52. [XLVII.]—If Pelagius Agrees with Ambrose, Augustin Has No Controversy with Him.
Inasmuch, however, as the discussion about free will and God’s grace has such difficulty in its distinctions, that when free will is maintained, God’s grace is apparently denied; whilst when God’s grace is asserted, free will is supposed to be done away with,—Pelagius can so involve himself in the shades of this obscurity as to profess agreement with all that we have quoted from St. Ambrose, and declare that such is, and always has been, his opinion also; and endeavour so to explain each, that men may suppose his opinion, to be in fair accord with Ambrose’s.
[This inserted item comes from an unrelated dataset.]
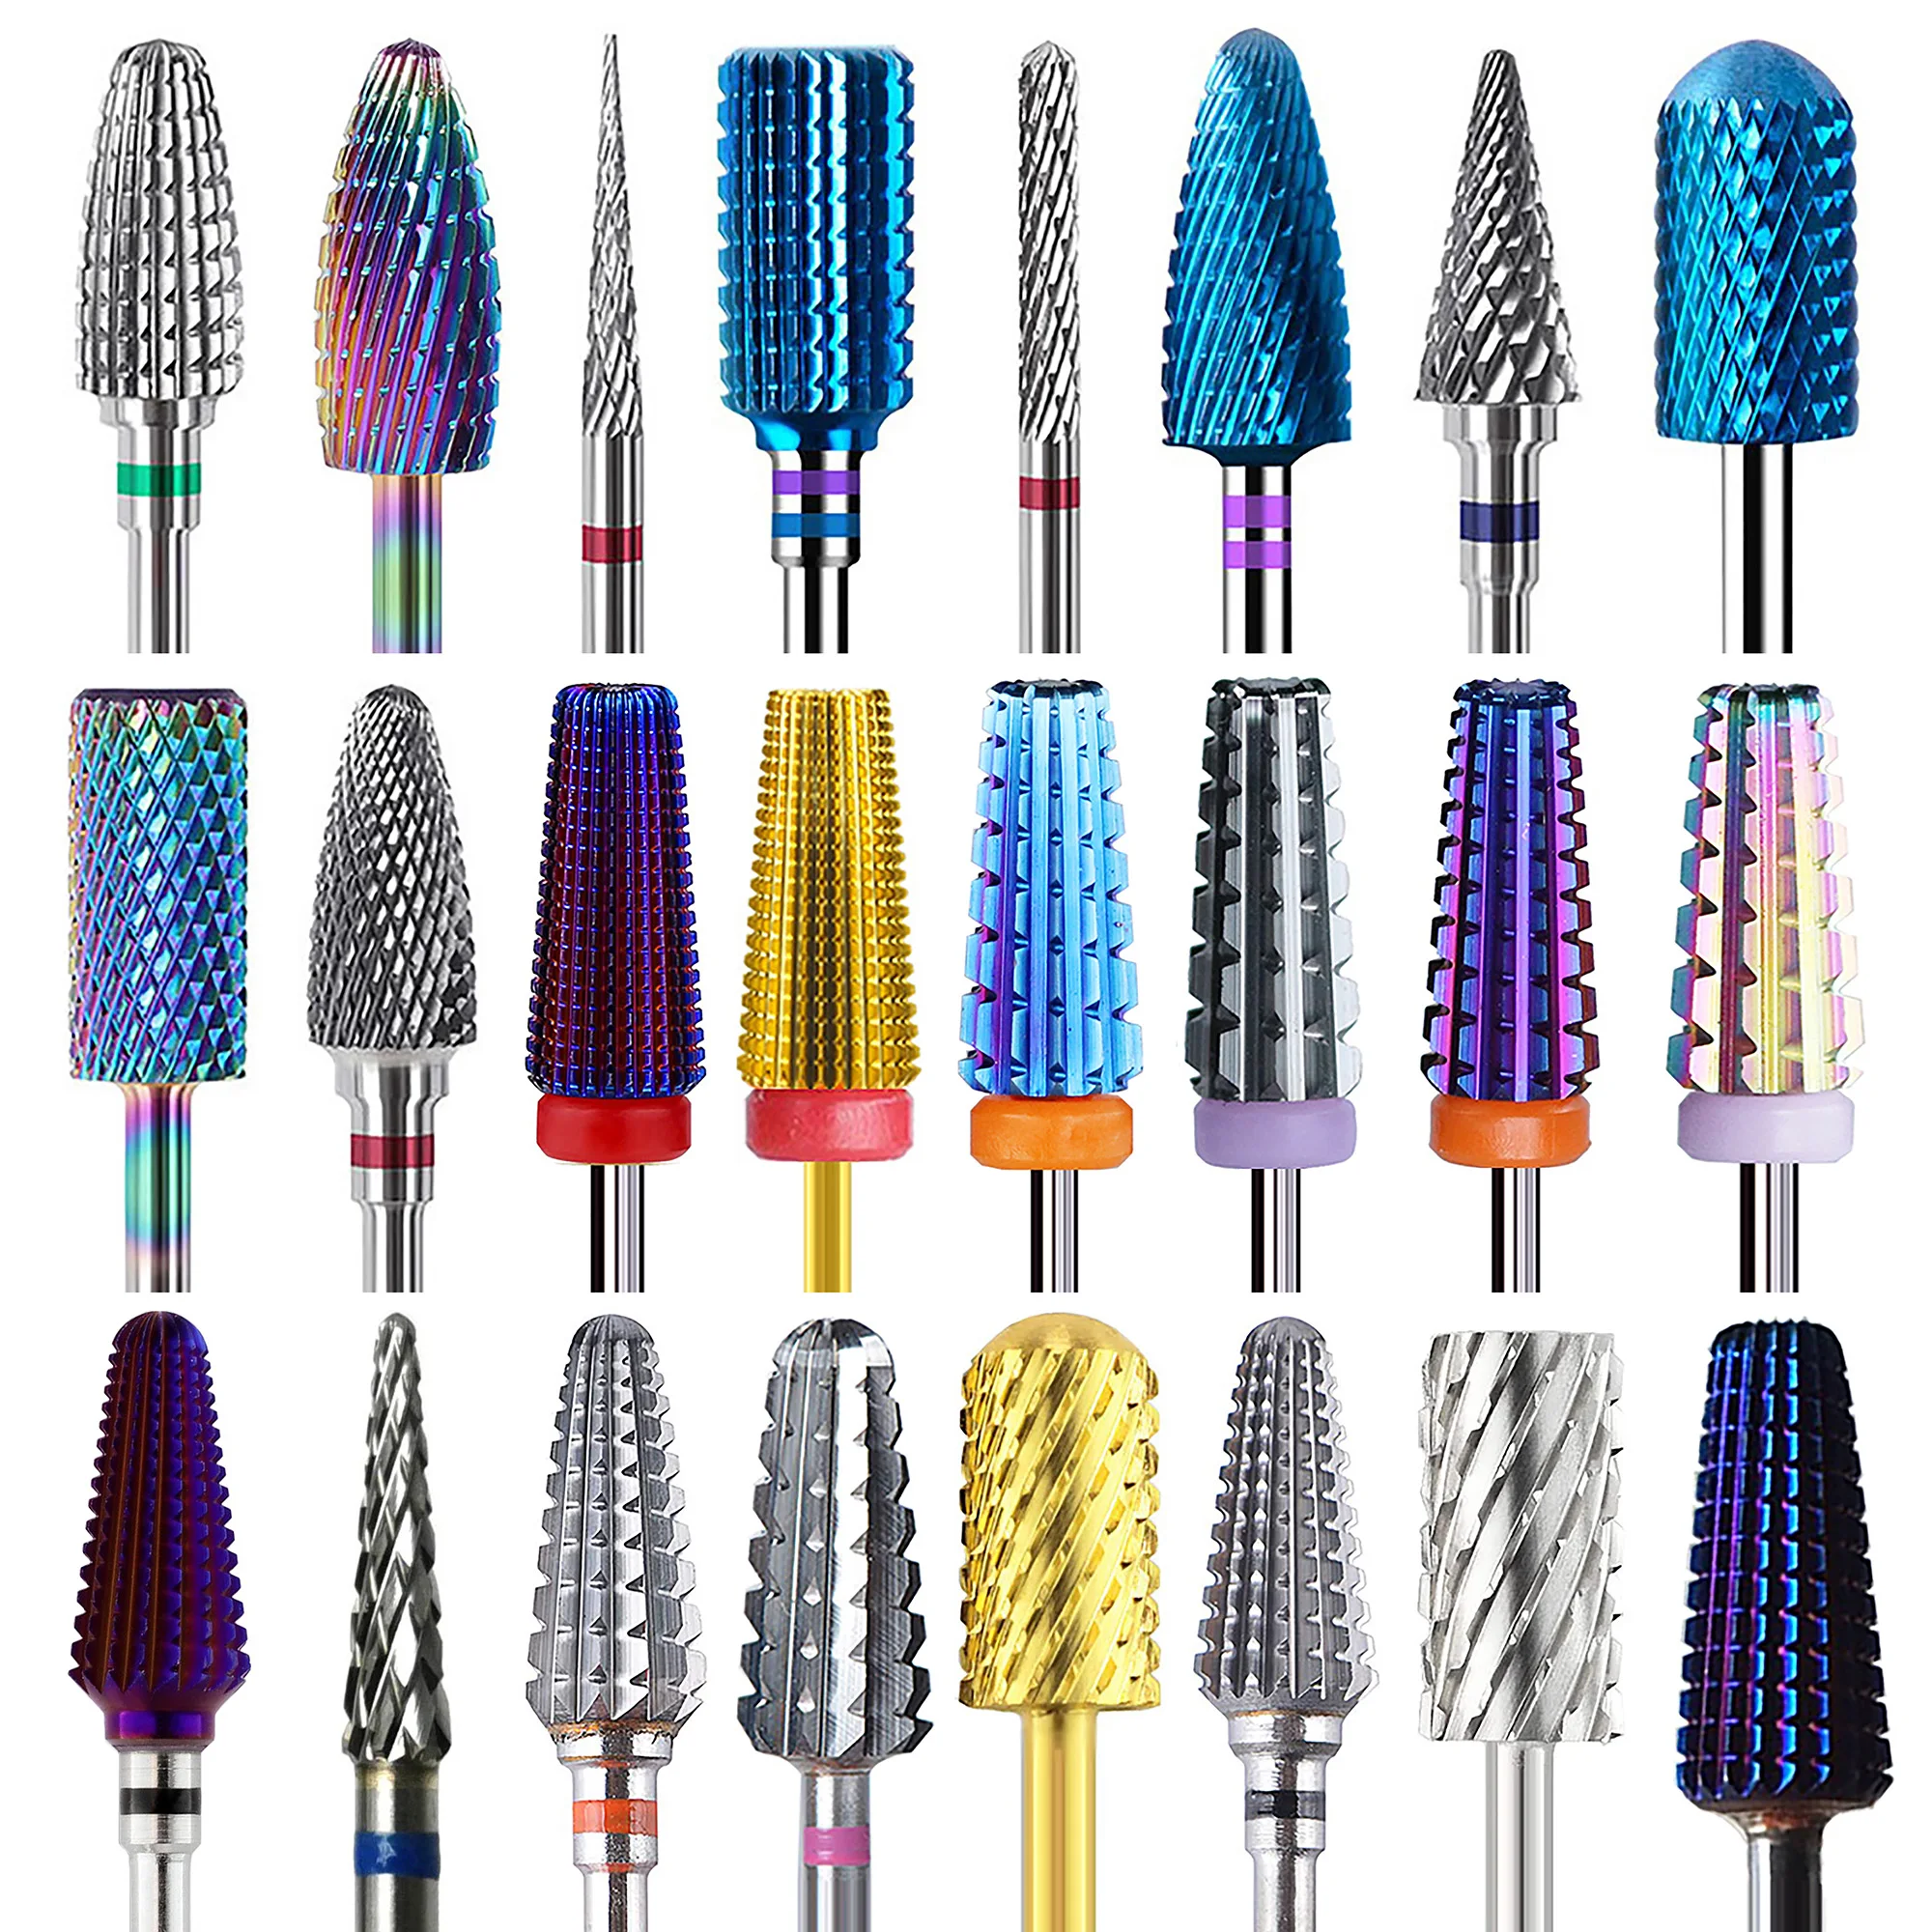 

Wholesale Tungsten Carbide Ceramic Nail Drill Bits Tornado Nail Milling Cutter Nail Carbide 5 in 1 Bit - Two Way Rotate Use

So far therefore, as concerns the questions of God’s help and grace, you are requested to observe the three things which he has distinguished so very plainly, under the terms “ability,” “will,” and “actuality,” that is, “capacity,” “volition,” and “action.”129 See above, ch. 4. If, then, he has come round to an agreement with us, then not the “capacity” alone in man, even if he neither wills nor performs the good, but the volition and the action also,—in other words, our willing well and doing well,—things which have no existence in man, except when he has a good will and acts rightly:—if, I repeat, he thus consents to hold with us that even the volition and the action are assisted by God, and so assisted that we can neither will nor do any good thing without such help; if, too, he believes that this is that very grace of God through our Lord Jesus Christ which makes us righteous through His righteousness, and not our own, so that our true righteousness is that which we have of Him,—then, so far as I can judge, there will remain no further controversy between us concerning the assistance we have from the grace of God.
CAPUT XLVII.
52. Sed quia ista quaestio, ubi de arbitrio voluntatis et Dei gratia disputatur, ita est ad discernendum difficilis, ut quando defenditur liberum arbitrium, negari Dei gratia videatur; quando autem asseritur Dei gratia, liberum arbitrium putetur auferri: potest Pelagius ita se latebris obscuritatis hujus involvere, ut etiam iis quae a sancto Ambrosio conscripta posuimus, consentire se dicat; et ea se quoque sentire proclamet, semperque sensisse; atque ita singula conetur exponere, ut etiam ejus sententiae convenire credantur. Quapropter quantum attinet ad istam de divina gratia et adjutorio quaestionem, tria illa quae apertissime distinxit attendite: posse, velle, esse ; id est, possibilitatem, voluntatem, actionem. Si ergo consenserit nobis, non solam possibilitatem in homine, etiamsi nec velit, nec agat bene, sed ipsam quoque voluntatem et actionem, id est, ut bene velimus et bene agamus, quae non sunt in homine, nisi 0384 quando bene vult et bene agit: si, ut dixi, consenserit, etiam ipsam voluntatem et actionem divinitus adjuvari, et sic adjuvari, ut sine illo adjutorio nihil bene velimus et agamus, eamque esse gratiam Dei per Jesum Christum Dominum nostrum, in qua nos sua non nostra justitia justos facit, ut ea sit vera nostra justitia quae nobis ab illo est; nihil de adjutorio gratiae Dei, quantum arbitror, inter nos controversiae relinquetur.